Block unwanted pop-ups - Go to Chrome menu > Preferences > Show advanced settings... > click the Privacy/Content Settings button. Scroll down to Pop-ups, chose "Do not allow...".

Block unwanted plugins/phishing - Go to Chrome menu > Preferences > Show advanced settings... > click the Privacy/Content Settings button. Scroll down to Plug-ins, chose "Block all". Also, go to Chrome menu > Preferences > Show advanced settings...  > under Privacy, check the "Enable phishing and malware protection".

Set your browser to not set passwords - Go to Chrome menu > Preferences > Show advanced settings... > under Passwords and forms, uncheck the "Enable Autofill...".

Using a master password - Google Chrome currently does not have a master password feature.

Java/javascript - Go to Chrome menu > Preferences > Show advanced settings... > click the Privacy/Content Settings button. Under Javascript, chose "Allow all sites...".

Handling cookies* - Go to Chrome menu > Preferences > Show advanced settings... > click the Privacy/Content Settings button. Under Cookies, choose "Block third-party cookies and site data".

(*Cookies are little files that web sites leave on your computer to remember settings, login credentials or any other information that your computer needs to make the user experience a bit better. Cookies are generally harmless, but they can be used to track your Internet usage, which is a privacy issue. In general, you probably don't want Internet sites tracking everything you are doing, so it's a good idea to block cookies where appropriate to maintain privacy.)

How to install security add-ons for Firefox:

(For both Mac & PC) Tools menu > Add-ons

Select the "Get Add-ons" button. Type "noscript" in the search field, then Install and restart Firefox. You should see a "S" icon in the bottom right of the browser window. Right click on this icon and select "Options". Select the Appearance tab and uncheck the "allow scripts globally" box. Now it will warn you when unknown scripts are on websites you visit. You can right-click the icon to approve ones that you trust. Follow the same install steps for Locationbar2 (optional).

NoScript - Since JavaScript is a very powerful programming language, it allows savvy attackers to attack your machine just by embedding scripts into a web site.
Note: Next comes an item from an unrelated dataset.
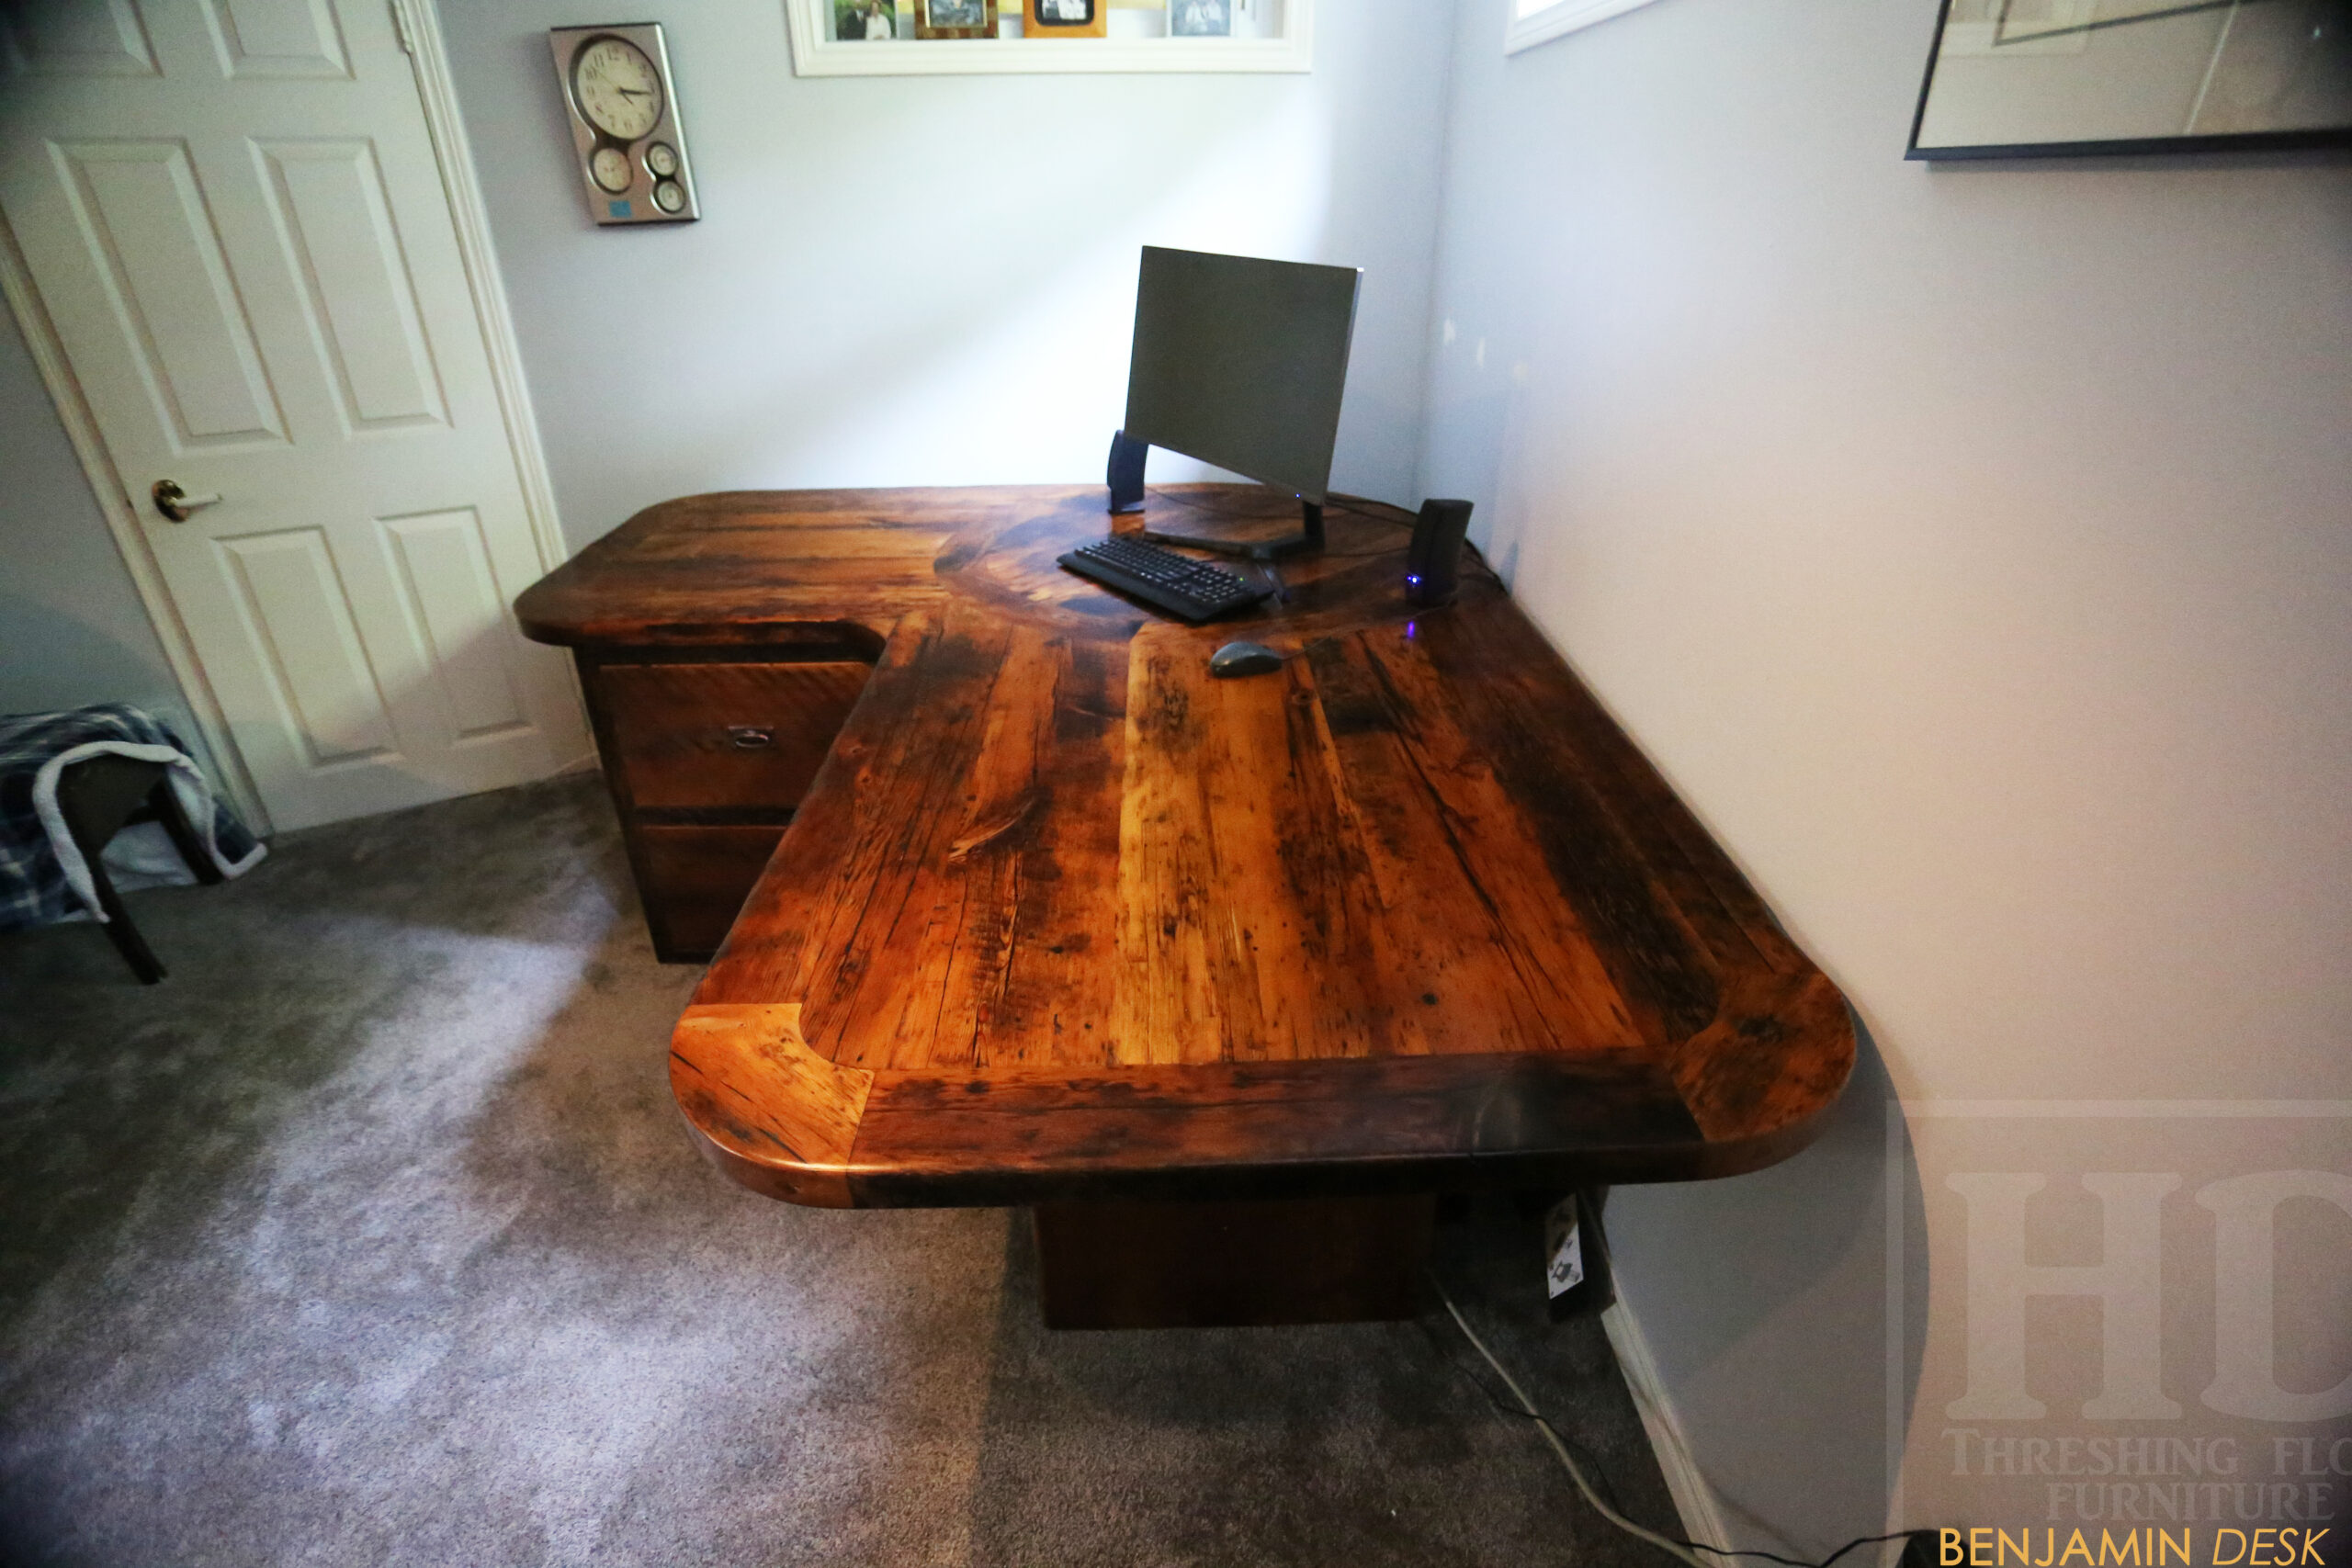 Ontario Barnwood L Shaped Desk we made for a Waterloo, Ontario home office - Reclaimed Hemlock Threshing Floor & Grainery Board Construction – 2 Drawers / Mission Cast Brass Lee Valley Hardware – Plank Post - Original edges & distressing maintained – Premium epoxy + satin polyurethane finish - www.table.ca

NoScript allows you to control what each script can do and make a choice as to which scripts should run and which should not. Additionally, NoScript will also block Java programs and Flash.

LocationBar2 - Locationbar2 helps users to overcome a technique used by attackers called "URL obfuscation" in which the attacker hides a bad web link inside one that looks familiar to you. Locationbar2 makes it a lot easier to see EXACTLY where you are navigating to.